One thing that shocked me about cancer treatment is how little they asked me about environmental factors. I assumed there would be questionnaires asking about all kinds of specific products and foods, maybe even asking for soil and water samples from my home. But there was none of that, and this was a major research hospital. The only thing was that they asked permission to use my biopsy for additional research.
I know the data would be messy, and if released to the wild it could lead to sensational news stories that affect the sock market, but surely there is some value in collecting up all this data? How long did it take for glyphosate to be linked to cancer? How much sooner could it have been caught?
There is the NHANES dataset, which has a ton of blood/urine test data for various environmental contaminants, along with tons of other data columns like cancer diagnoses, age of onset, etc.
> If you have air purifiers at home that does help.
Does it? Or does merely having them make you feel more comfortable. Anyway it also means that I would have to live in a tightly sealed building, but I rather like having the window open.
Seeing how a large portion of the population have never used a wake up call as a service, they just think it is some rude telemarketer calling that just gets added to the block list.
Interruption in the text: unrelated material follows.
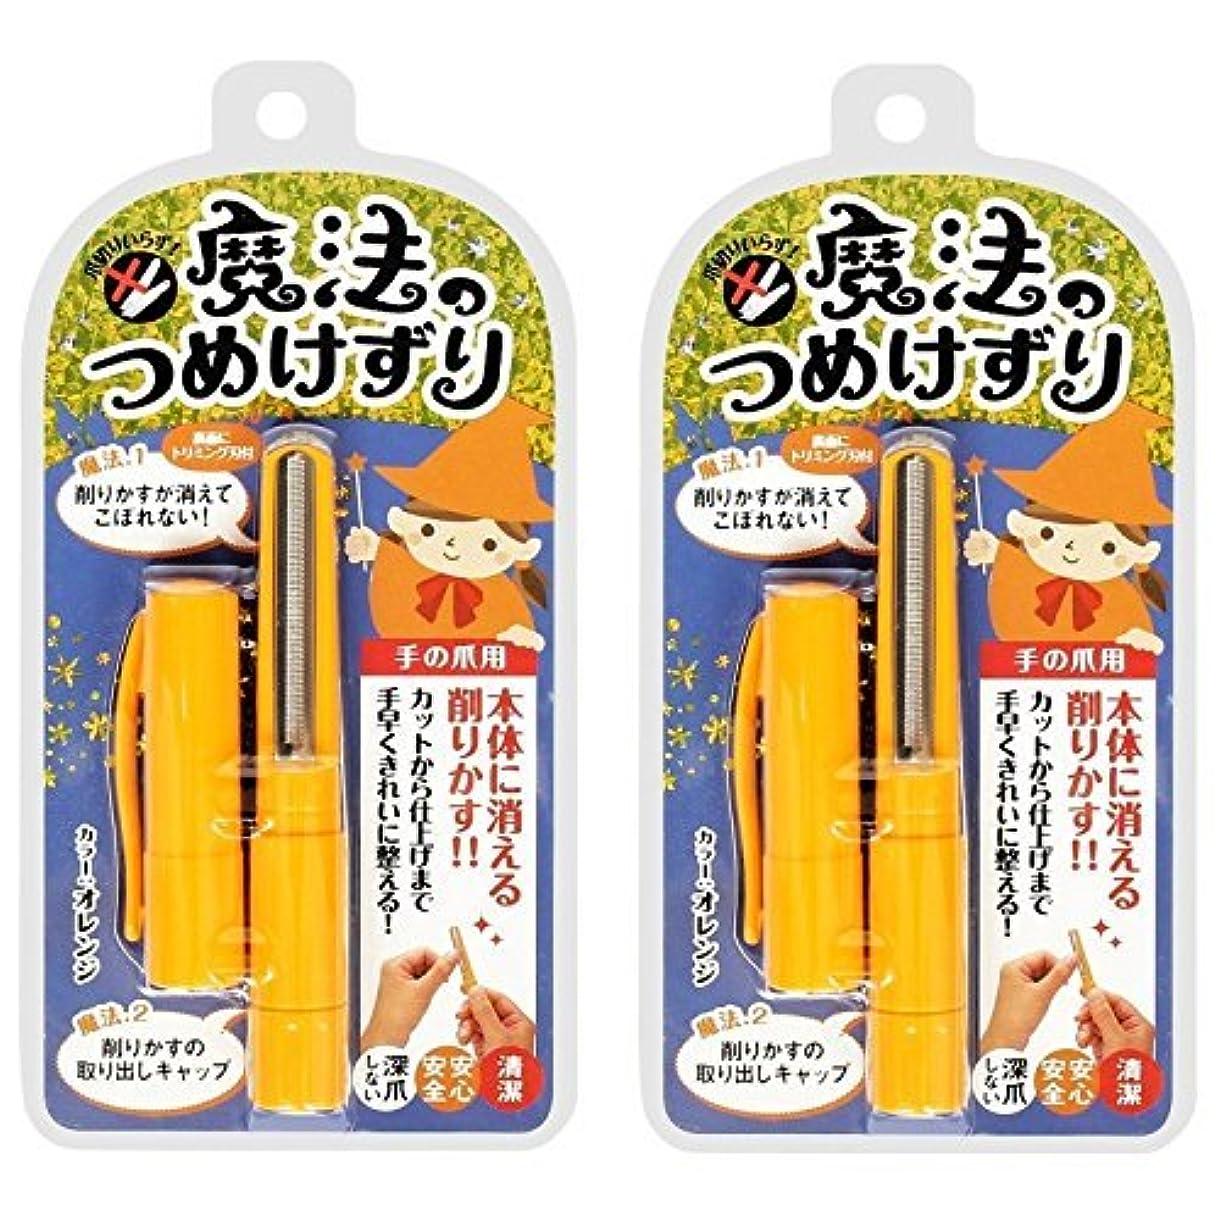 ゴルフ雑多な優れた【セット品】松本金型 魔法のつめけずり MM-090 オレンジ ×2個

Problem solved
Yes. When I lived in a drafty street level apartment in SF on Oak St (busy artery) I would have to wipe my inside window sills 1-2x a week of the brake dust and black rubber particles that would accumulate
Similar things happen in the country, but it's dust from gravel roads, and/or from farming (discers, plows, combines, and so on). House can be 100 meters from the road and you still get tons of gravel road dust. Though, perhaps, that's not as bad for you as brake dust. In some corn towns it "snows" crap from the processing plants for part of the year. Can't imagine that's good for the lungs.
Same here— in the east bay (Milpitas). I was alarmed by how much silt built up on any outdoor surface. I assumed it was due to nearby highways and busy roads. Left that living situation after 2-3 months due to the concern.
Climate change propaganda. I know this, because I am in the healthcare industry. No breakthrough happens by changing environments, only by figuring out interventions.
Yes, table saw accidents are terrible, but there is a straightforward electromechanical solution (SawStop), and fingers are useful for many other things.
Yes, lung cancer is terrible, but there is a straightforward electromechanical solution (energy from renewables + nuclear), and the innate immune system is useful for many other things.